The top piece of it would also be one flat quad for the structure on top of the post to hold up the lights using no camera facing contraint and if you want to go overboard, you put an extra quad at the bottom of it with say a 3x5 pixel stretched texture so when you are close to it looking up, it would not look super thin.
Each bulp on top would then be a quad on its own, with the same thing going on, but technically these could be camera facing on all axis´s, so even by looking at it from above or below, the bulbs would always look like they had volume.
You have to remember that the PS1 had a grand total of 2 megabytes of internal memory to do EVERYTHING.
1 MB of which was usually relegated to a framebuffer.
So in reality, 1 MB of memory for graphics, sound, all the code, handling the loading from the CD rom and such.
It´s insane to think of what we managed to get out of that machine at the time during the end of its lifecycle.
I think Gran Turismo 1 and 2 are still my two favorite PS1 games that amaze me the most graphics wise.
One example of a game for that time that I worked on and remember roughly was Fifa 98 on the Saturn (not far from the PS1 in power but used quads only as it did not really do "3D" but displaced sprites to look like 3d!
The entire roster of players in that game was made of ONE character model, and I splurged a while 100 polys on it.
ALL the team outfits were one 256x256 texture (16 colors), that used color cycling to make every team´s outfit.
The Statiums usually came in at 1000 poly´s total, with two 256x256 textures (16 colors), one shared for all the advertizing boards, and one dedicated for the stadium.
What I mean is, I know how in Unreal Engine 3, you had a hard 60k limit for any mesh you can import whereas in Unreal Engine 4, it's now unlimited (till your PC crawls).
So could the PS1 or game engines back then even render a sphere or was that considered impossible and thus you had to rely on boxes or flat planes facing the camera?
You used as little as possible to get away with the illusion of a shape and not a single triangle more.
A 3 sided cylinder from a distance at 320x240 screen res, looks like its a cylinder and not a box or a plane if its positioned correctly.
4 sided, or even 5-6 sided if it was a big object like say a column in a dungeon in Tomb Raider.
but a small thin object, a 3 sided one got the job done.
This is one good example of poly counts on the PS1.
Tomb Raider was considered a super nice looking game when it came out, with a very nice main character model.
They managed this because the game rarely had more than a dungeon environment, and Lara + up to 4-5 monsters on screen at once.
(left side is obviously ps1)
But with the advent of HDTV and monitors, it's kinda harder to sell that illusion.
Especially for a demake.
I have nothing to add except to say that I heard this entire post in my head in the voice of a grizzled old man with a peg leg and an eyepatch poking at somebody with a cane from a chair next to a fireplace.
And it was awesome.
Gotdamn.

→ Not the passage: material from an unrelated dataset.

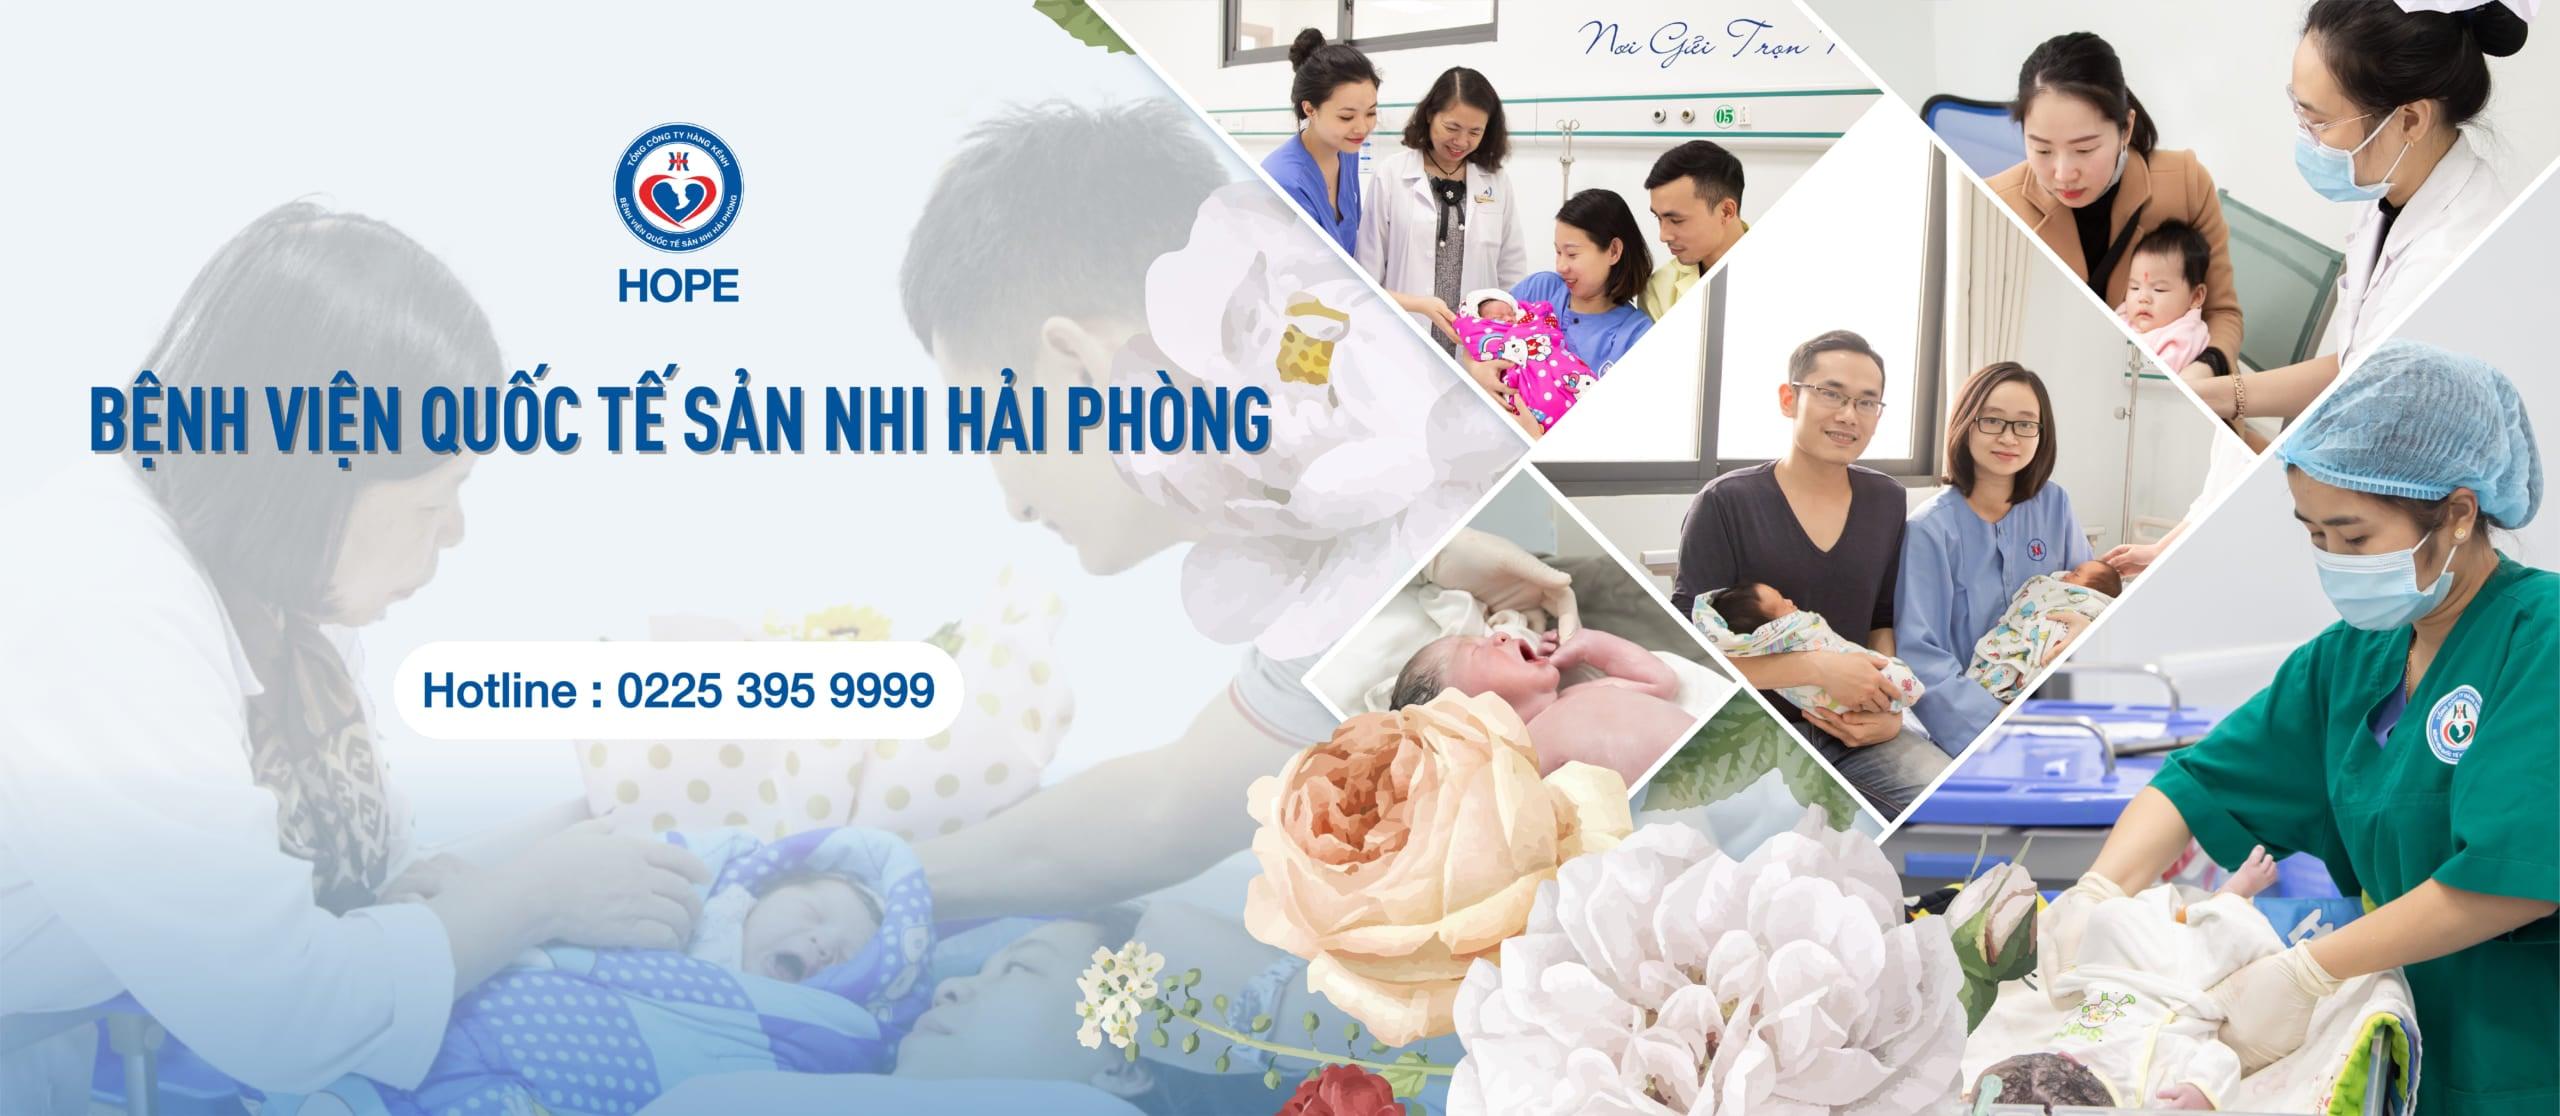 Bệnh viện Quốc tế Sản Nhi Hải Phòng

I'd love a visual breakdown of this stuff
cptSwing: I do so wish I had any sort of backup of some of the work I did back in the day, but EA was VERY strict about their stuff, even when it was from out-sourcing companies handling platform conversions.
The whole color cycling idea however is very simple, and was used alot on the older consoles and machines like the Amiga and Atari ST.

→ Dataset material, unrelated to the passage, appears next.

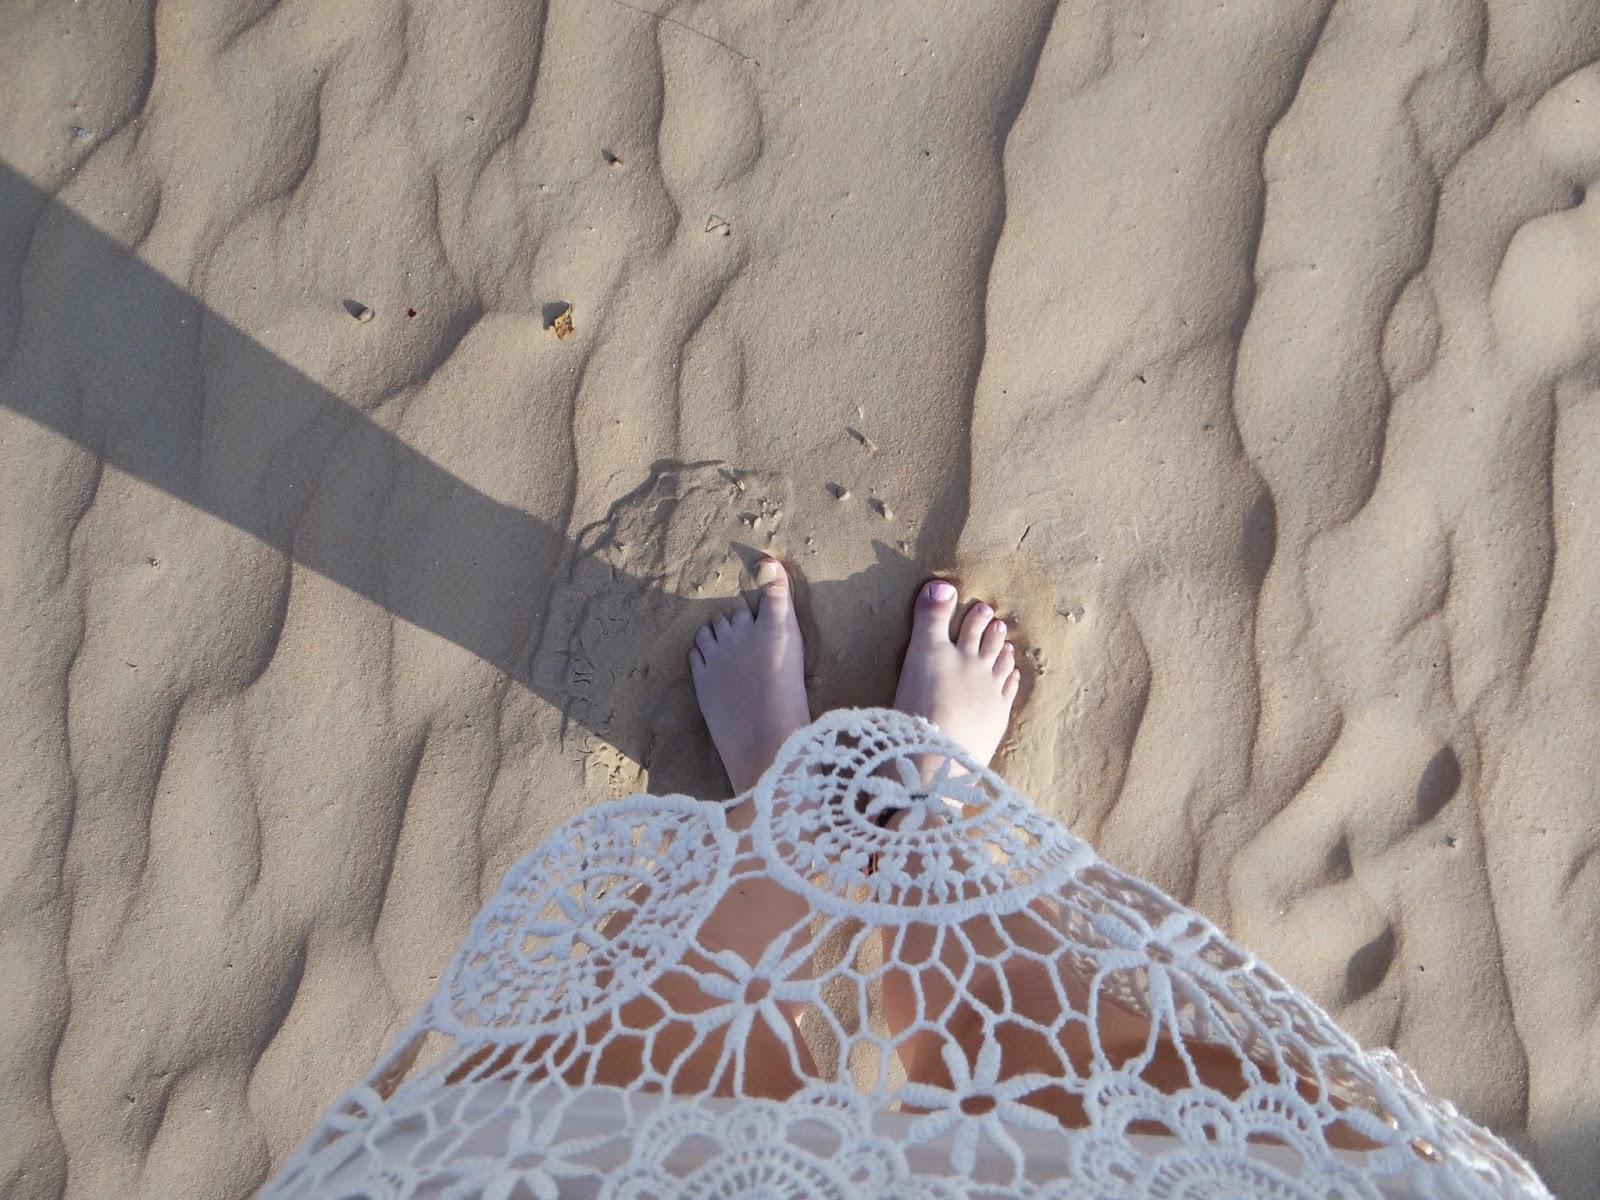 Desert Sand Abu Dhabi
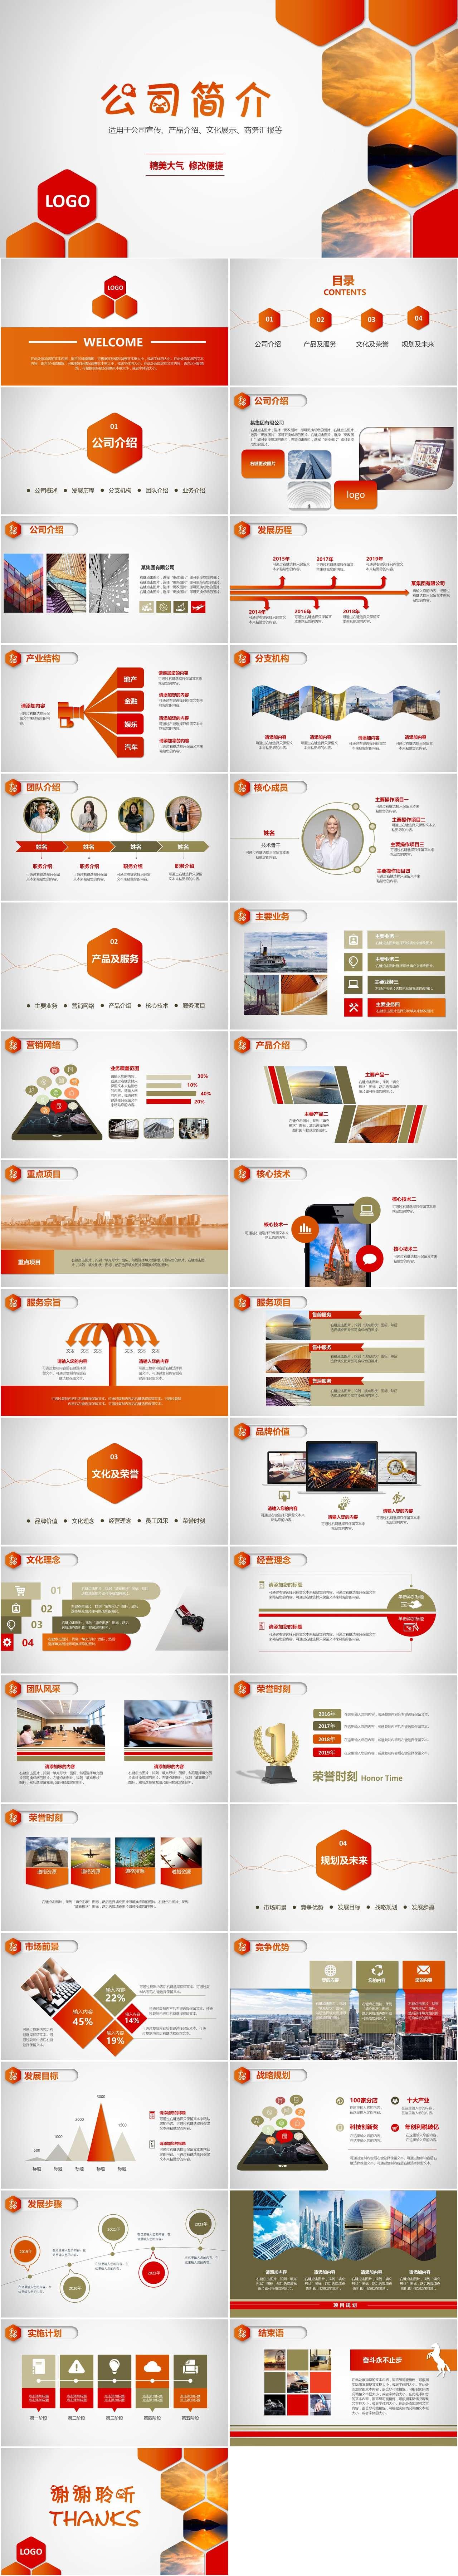 红色主题公司介绍产品宣传PPT模板插图1

Basically you would set up something like a few colors (often 2 or 6) and then simply hue change to get different color gradents.

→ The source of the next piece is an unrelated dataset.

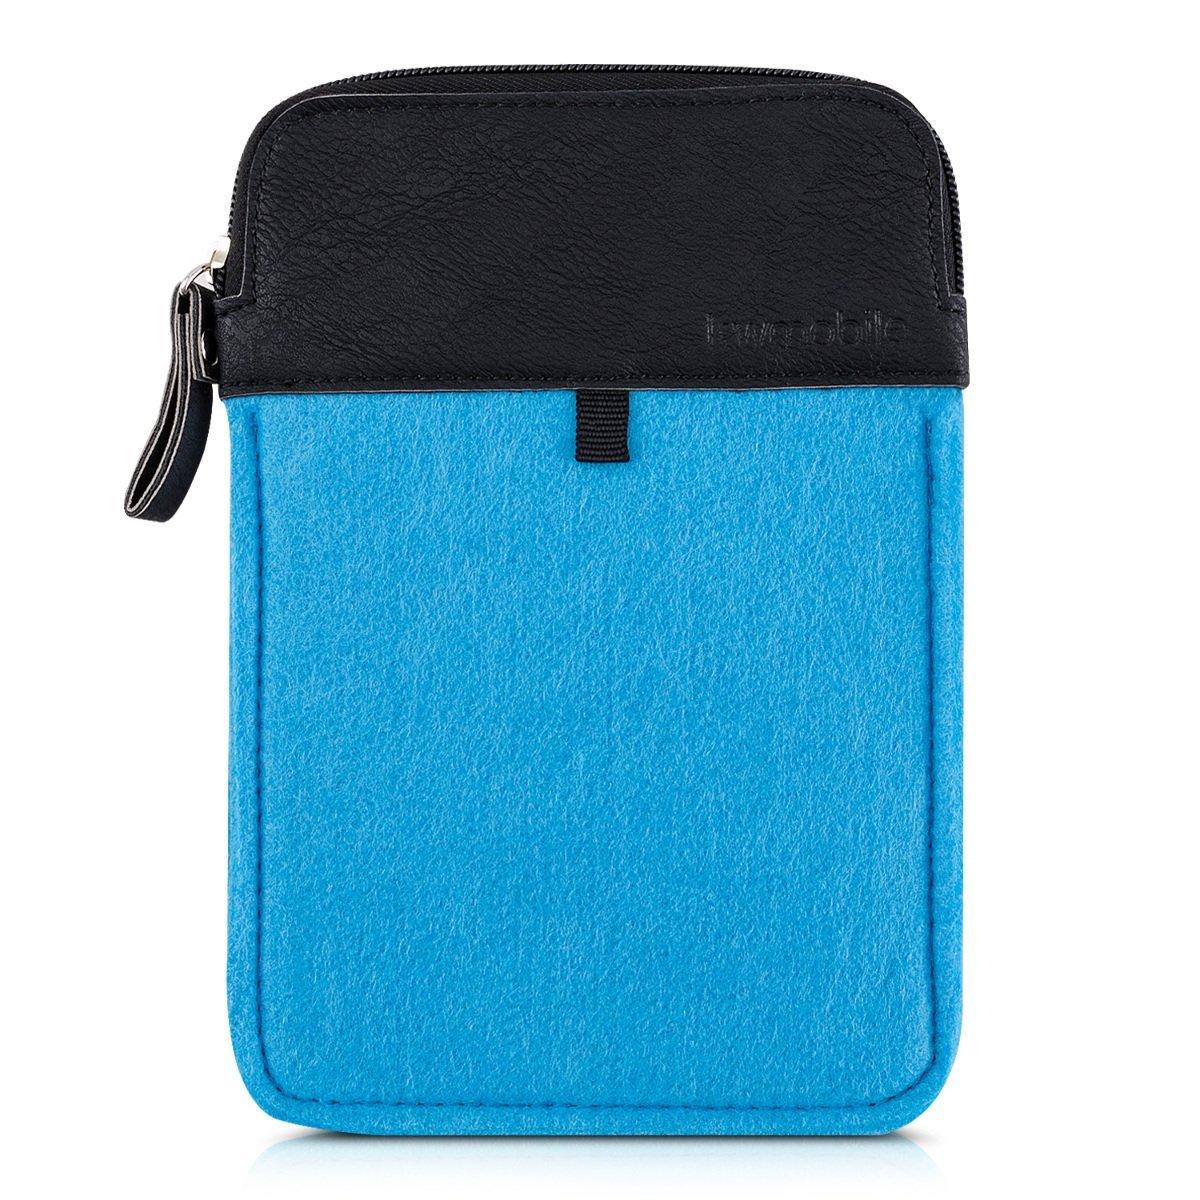 Le-migliori-5-cover-e-custodie-per-l'Asus-FonePad-7-FE170CG-su-Amazon-4

This was also used to great effect to "animate" things like water :P
You could butterfly the road texture too to save yourself some more space and improve texel res too. I'd also dramatically reduce the amount of detail on it to make it less obvious that it's stretched.
Take a look at SkankerZero's entry from the Mutant League contest. He gives a pretty detailed breakdown of exactly how he achieved a similar sort of technique to what's been described here.